For the past five years, ever since my second child was born, I've been asking why we don't take climate change more seriously.
The easy answer, of course, is that it's just too much to think about, especially with more immediate economic concerns. This week's poll from the Pew Research Center on the People & the Press made that abundantly clear: Only 57 percent of Americans now believe the Earth is warming, down from 77 percent in 2006.
Given growing reports that the effects of climate change are actually occurring faster than predicted, it's not surprising that Andrew Kohut, director of the research center, called the results "implausible." So what is the bigger answer to why we're ignoring the biggest threat in human history--or, as a future generation might put it, fiddling while Rome burns?
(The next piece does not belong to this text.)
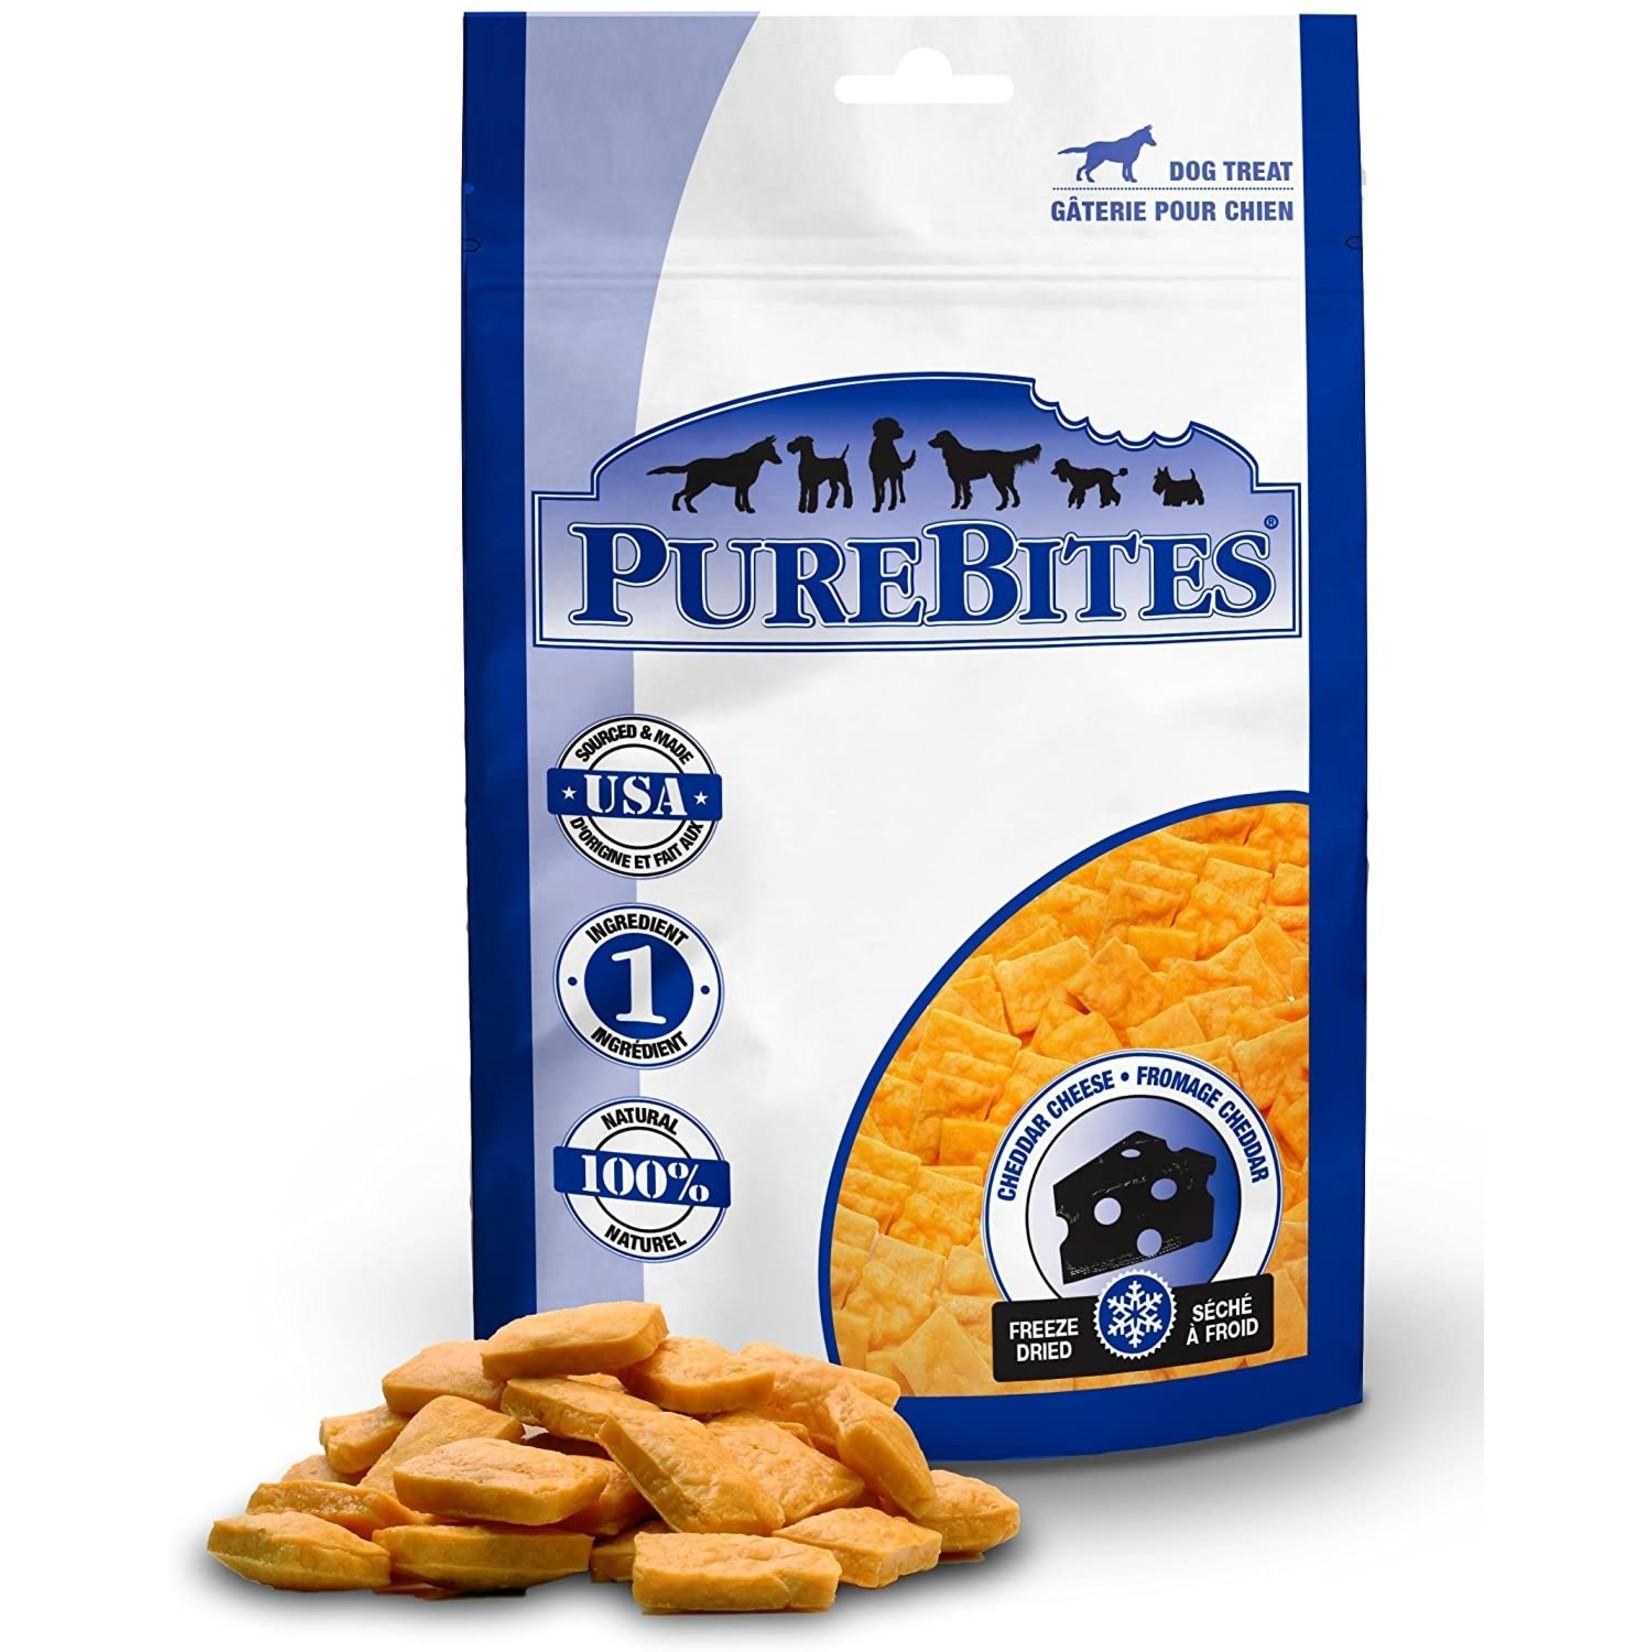 PureBites Purebites Cheddar Cheese Freeze Dried  Dog Treat 4.2oz

Through my interviews with ordinary Americans and dozens of experts in a wide range of fields, I have found that there are five key reasons:
First, from an evolutionary perspective, we are not programmed to take future threats as seriously as immediate ones; and though ice caps are melting and storms worldwide are intensifying, for most of us, this is still going on somewhere out there. It's not yet happening where we can feel it and see it. And that can't compare to worrying about paying this month's bills.
Second, it costs money to do some of the right green things. Much to my children's embarrassment, for example, I still drive an SUV. I bought it 130,000 miles ago when we lived where snow could fall four feet in a weekend, and I thought an SUV was the safest way to get around. Now that I live in a place where it never snows (to my children's chagrin) I have no reason to drive it, except the fact that I can't afford a hybrid.
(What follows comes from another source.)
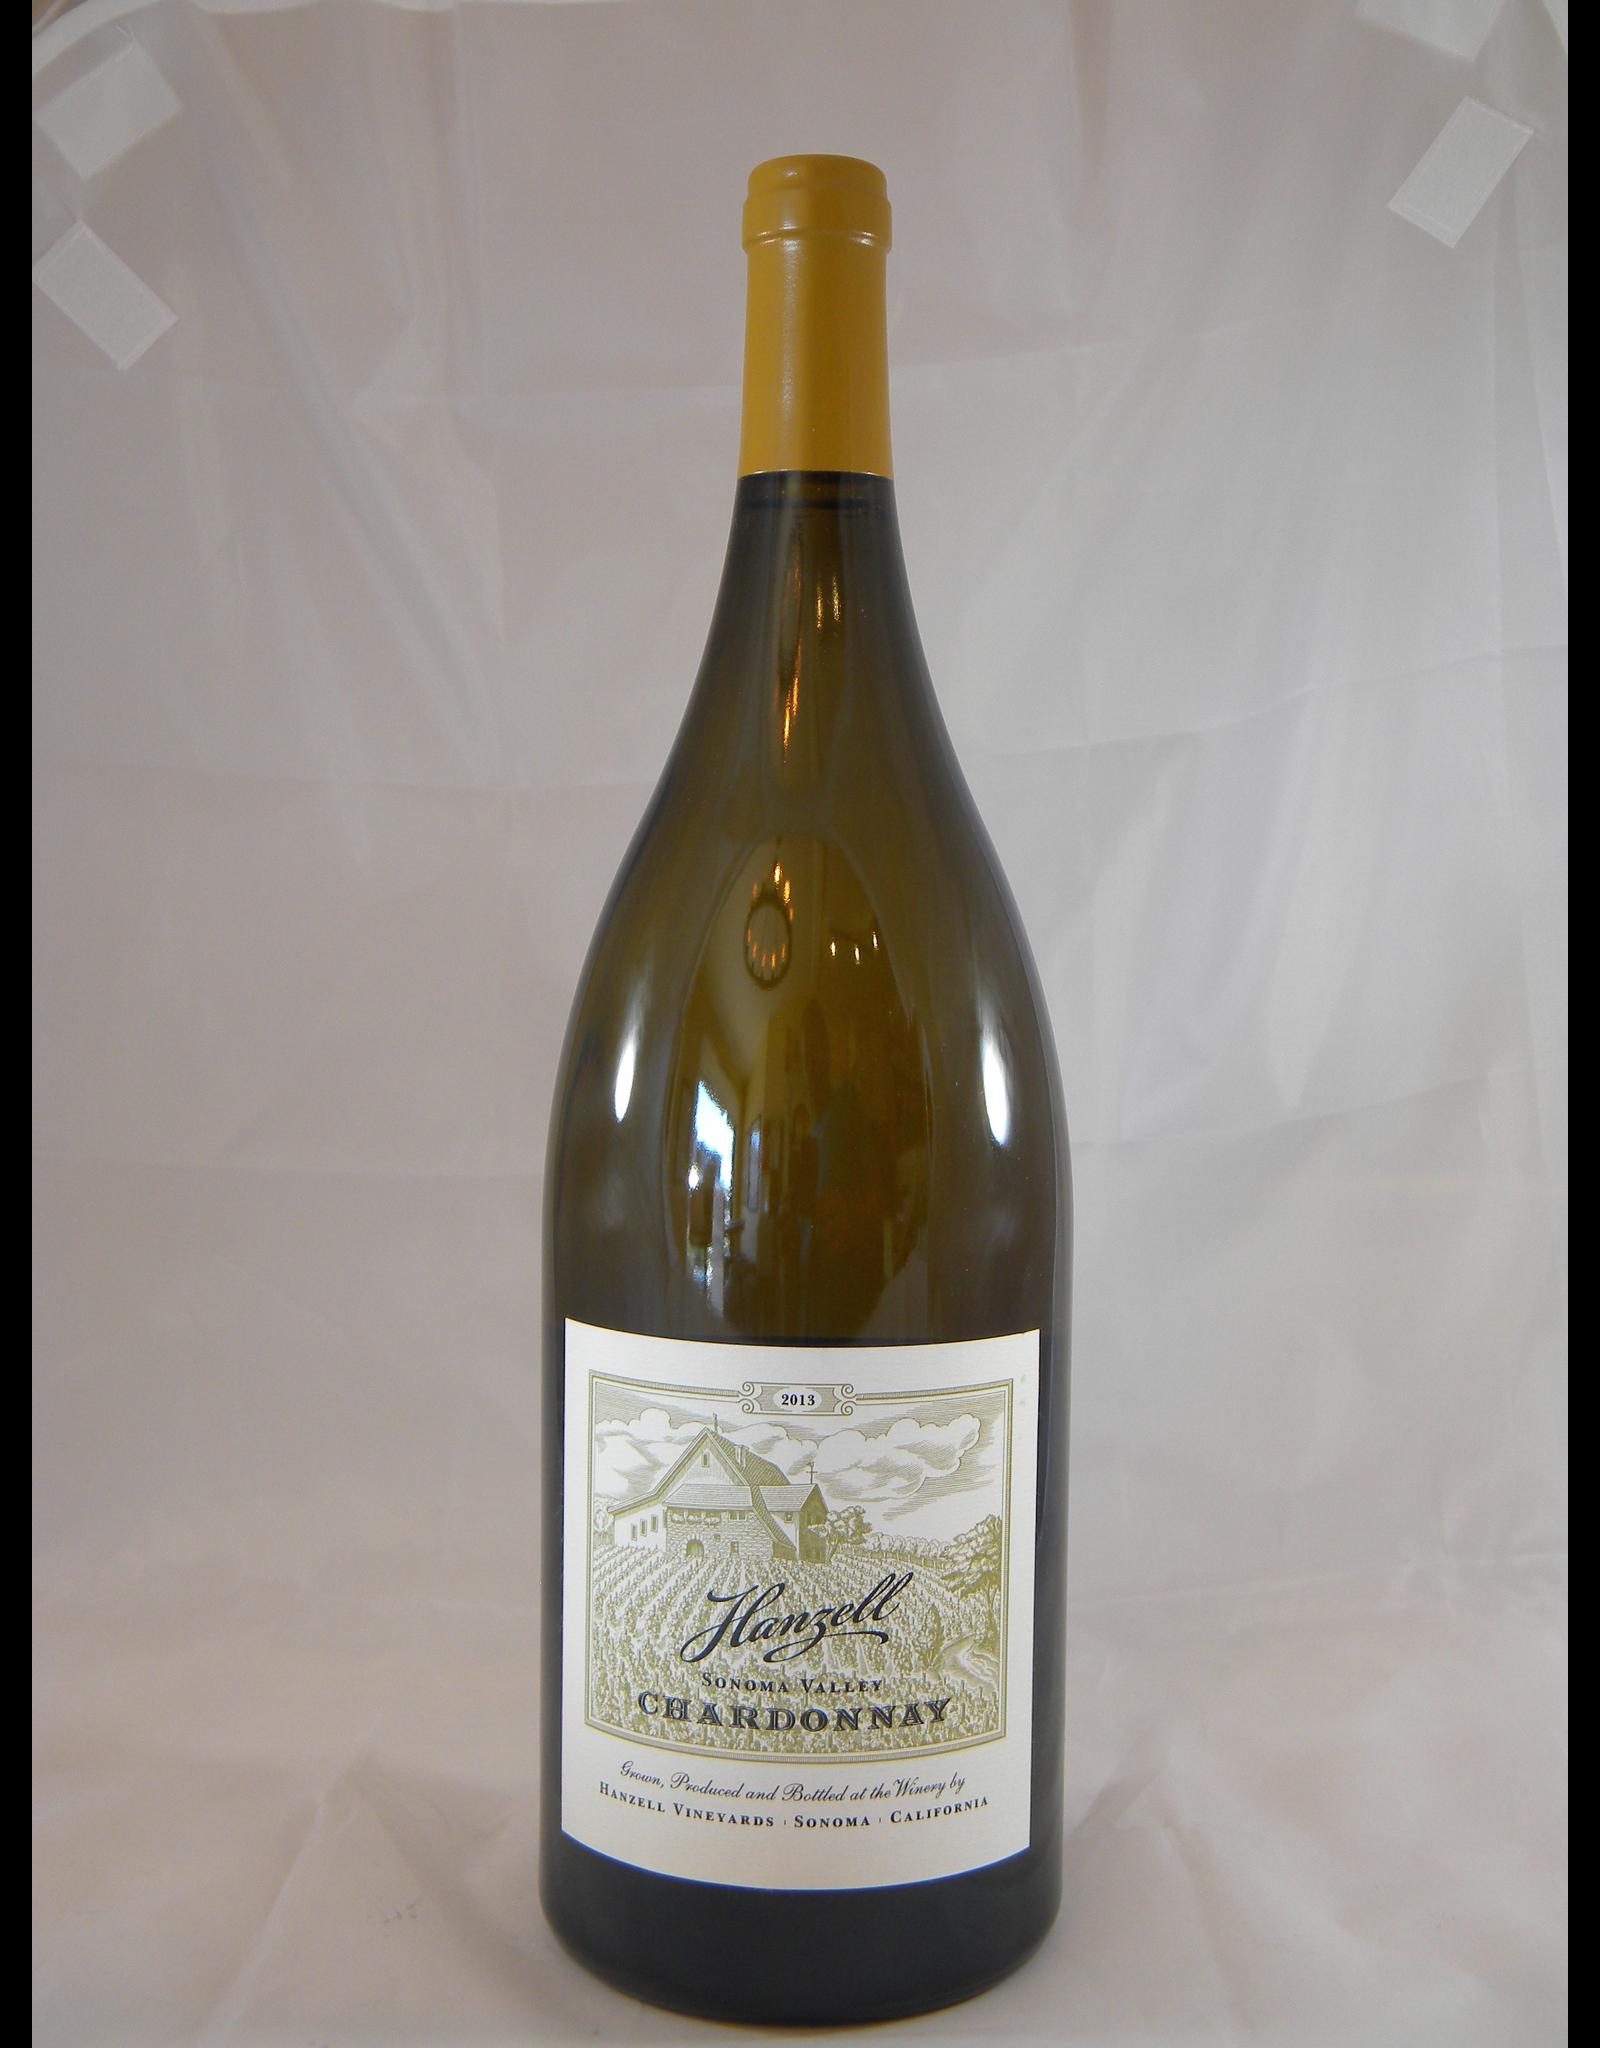 Hanzell Hanzell Chardonnay Sonoma Magnum 2013

Third, we have become so distanced from nature, after centuries of trying to wield our power over it and generations of relegating our children to spending more time indoors, we have lost some of our innate ability to care about the natural world.
Fourth, many of us no longer believe we can make a difference in the world. During the past 50 years, America's population has doubled and industries from banking to cat food have been supersized. In comparison, we feel increasingly small and powerless and imagining that we could actually do something about a problem as momentous as global warming seems Quixotic at best.
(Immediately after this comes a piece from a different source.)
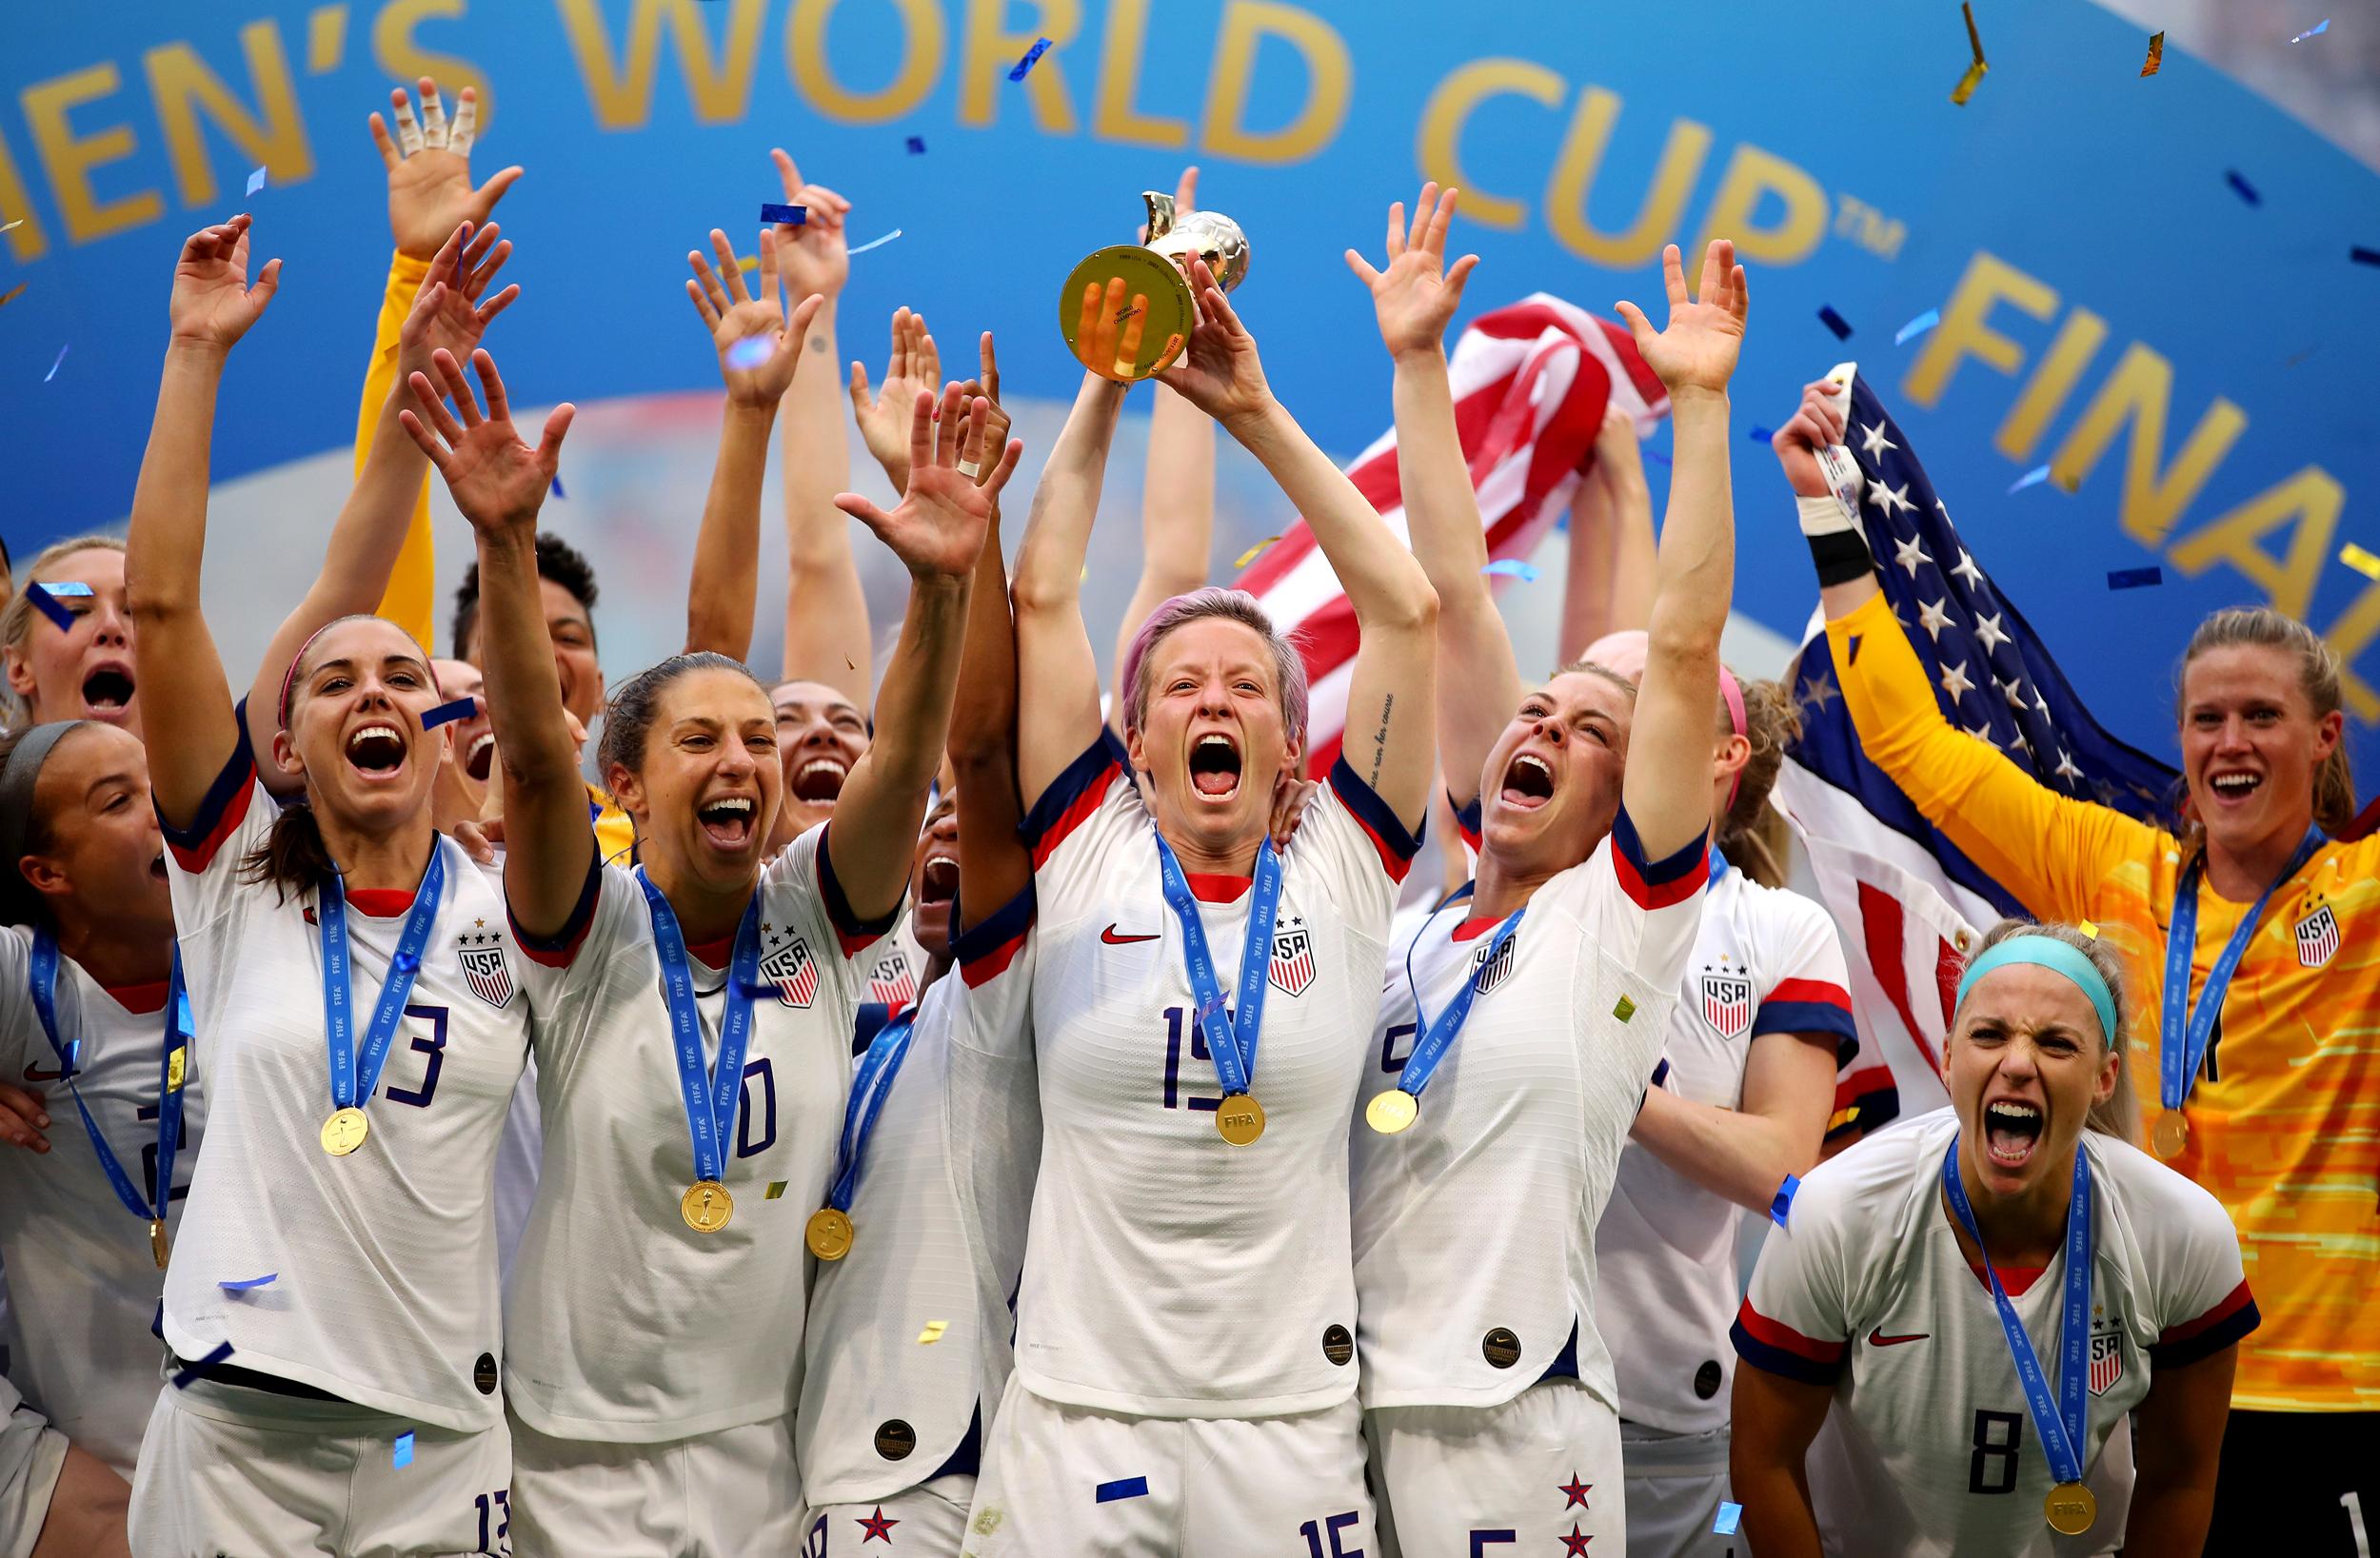 190707-uswnt-world-cup-celebration-cs-138p_fa7255f58400158eab37fd083f57666e.jpg

Finally, we think we never have enough time--and, in some ways, we're right. In recent decades, the rise of families composed of two working parents (or a single working parent) has created a lifestyle that ill-equips us to address issues outside our own personal, immediate concerns. Given the increasingly frantic pace of life, we are moreover encouraged to do the things we can do quickly and postpone (or simply ignore) the rest. And thanks to our shortened attention span, we even cast aside the knowledge that big things have a way of catching up with us.
So is it hopeless?
Nine out of ten experts I interviewed about this ultimately admitted to being pessimistic about whether we will rise to the global warming challenge in time to avert the predicted disasters. There has been progress, they acknowledge, but incremental progress in the face of exponential change simply won't cut it.
Then again, most somewhat quietly add, one never truly knows. Surprising, unexpected things do happen. And sometimes people suddenly wake up and focus on that which once seemed dismissible.
I believe this. In fact, I've experienced it. So I'm putting my money on parents. After all, we know (or should know) that by the middle of the century--when our young children are the age many of us are now--low-lying cities, such as New York, Boston, and Halifax, Nova Scotia, are predicted to experience the greatest rise in sea levels on the planet. Millions of people worldwide are expected be displaced or worse; and storms, droughts, famine, disease, and warfare are all projected to intensify.
Reflect on that with a parent's heart and it becomes near impossible to look into your children's eyes and not take this threat to their future more seriously.